Saturday, April 23, 2011

Fish and Wildlife: Report eastern Wyo. black wolf

Associated Press | Friday, April 22, 2011



Courtesy U.S. Fish and Wildlife Service

A wolf roams Campbell County near the Belle Ayr Mine in the Powder River Basin on Saturday. The wolf wandered hundreds of miles east of Yellowstone National Park.

CHEYENNE — The U.S. Fish and Wildlife Service wants people to report any more sightings of a black wolf that appears to have wandered a couple hundred miles east of Yellowstone National Park.

An officer with the U.S. Department of Agriculture’s Wildlife Services agency photographed the wolf Saturday not far from the Belle Ayre coal mine about 10 miles southeast of Gillette.

The wolf wore a radio collar but its gender is unknown.

Mike Jimenez, the U.S. Fish and Wildlife Service’s Wyoming wolf recovery coordinator, said anybody who sees the wolf should call him at 307-733-7096. If the wolf is causing problems, such as attacking livestock, calls should go to USDA Wildlife Services at 307-261-5336, he said.

Male and female wolves tend to disperse far from their home packs between 1 and 3 years of age. That’s probably what this wolf is doing, Jimenez said Wednesday.

“It’s difficult to say whether this wolf will stick around, or whether it’s dispersing, and it could be miles away a week from now and nobody ever sees it again. We don’t know,” he said.

Many Yellowstone wolves wearing radio collars have dispersed over the years, so it’s difficult to even guess the particular history of this wolf. The Yellowstone states — Idaho, Montana and Wyoming — share radio frequencies of wolf collars and could track the wolf if it got in range and its collar still was working.

Whether Fish and Wildlife attempts to track the wolf remains to be seen.

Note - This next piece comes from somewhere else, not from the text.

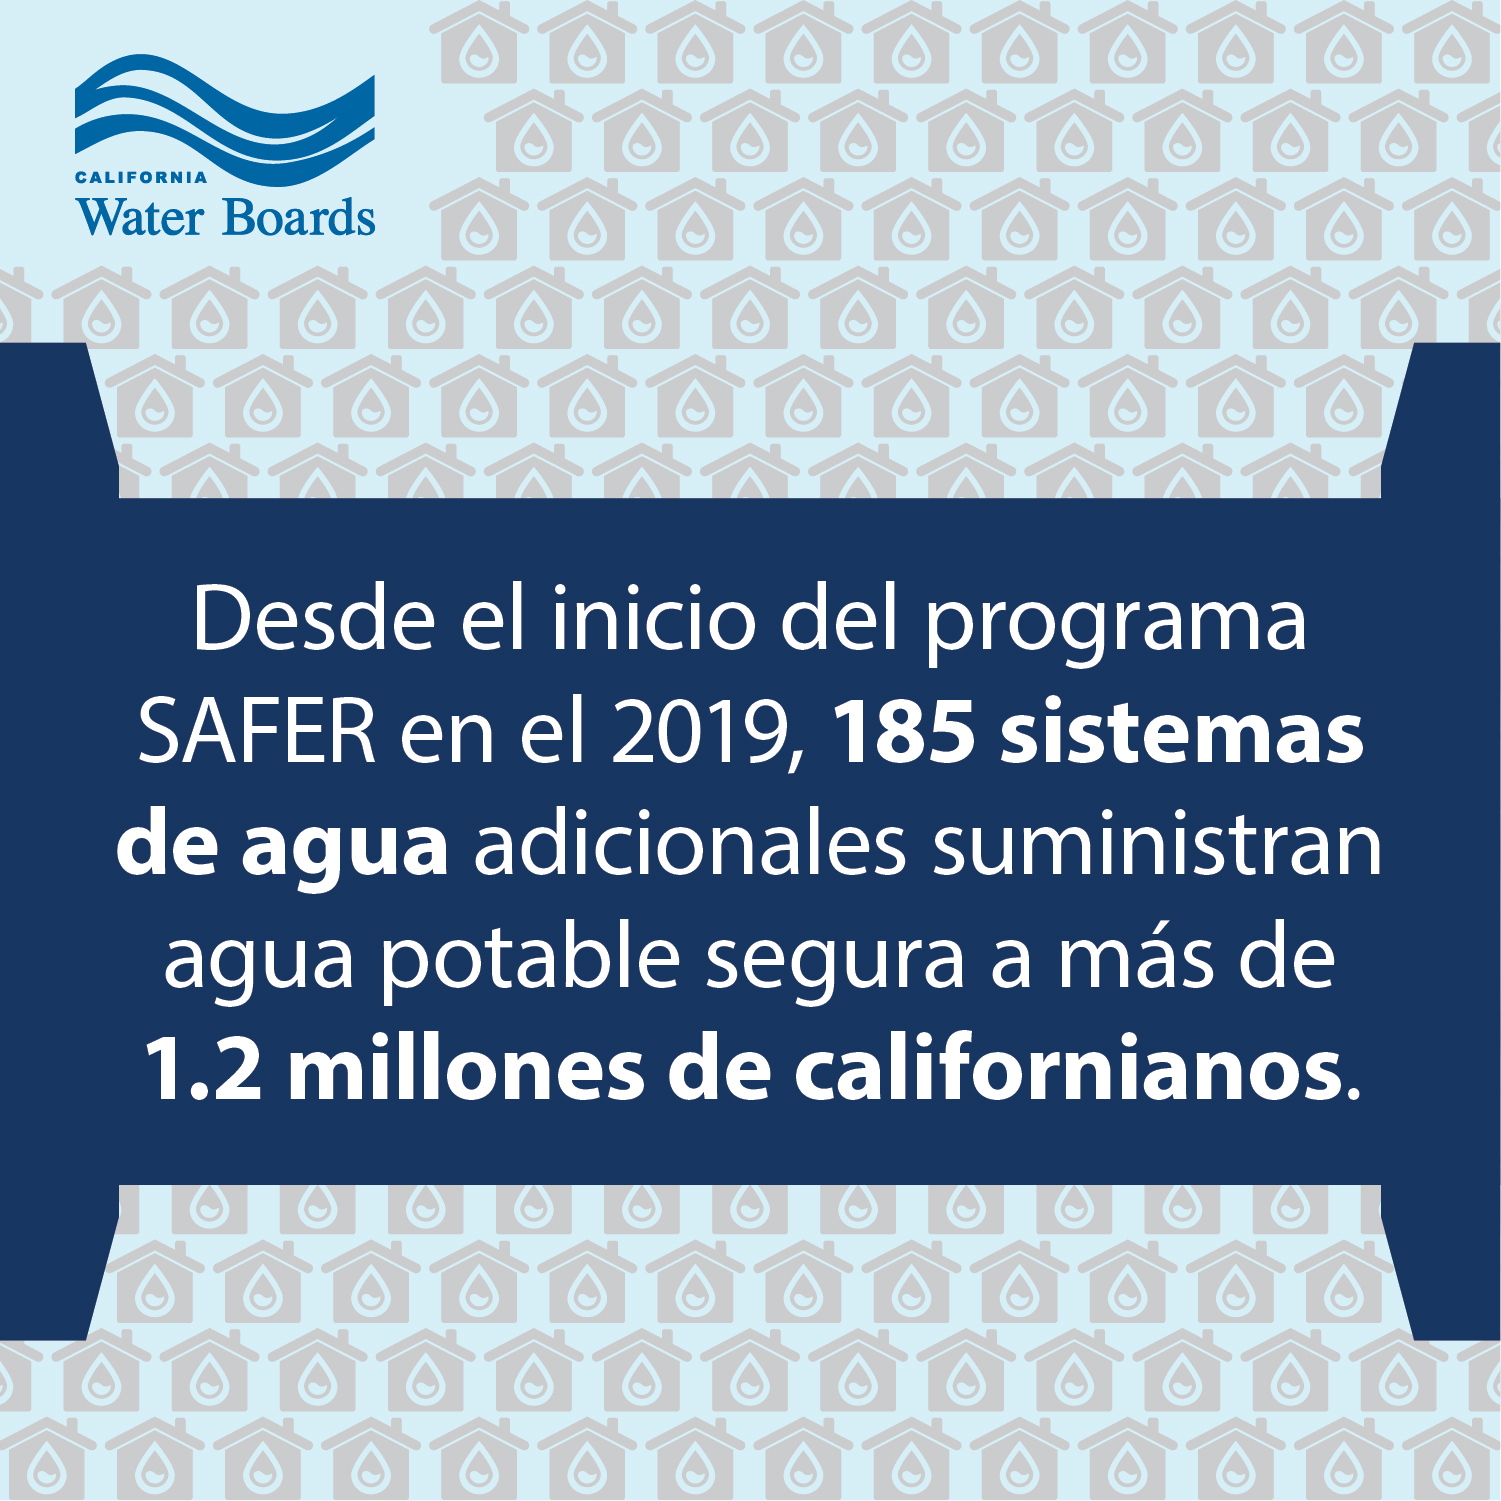 185 water systems created under SAFER

“For a single, dispersing wolf, we probably won’t make a special flight just to look for that one. If it hangs around the area, we definitely will,” Jimenez said.

Yellowstone wolves seldom roam so far east, although a vehicle killed one on Interstate 90 in western South Dakota in 2006. Other Yellowstone wolves have made it as far south as central Colorado and Utah.

A typical dispersing wolf covers 60 to 70 miles but they’ve been tracked more than 500 miles as a crow flies and as much as 4,000 miles over the ground, Jimenez said.

“We’ll kind of just play it by ear,” he said. “When they show up in a new area, as you can imagine, that gets a lot of attention.”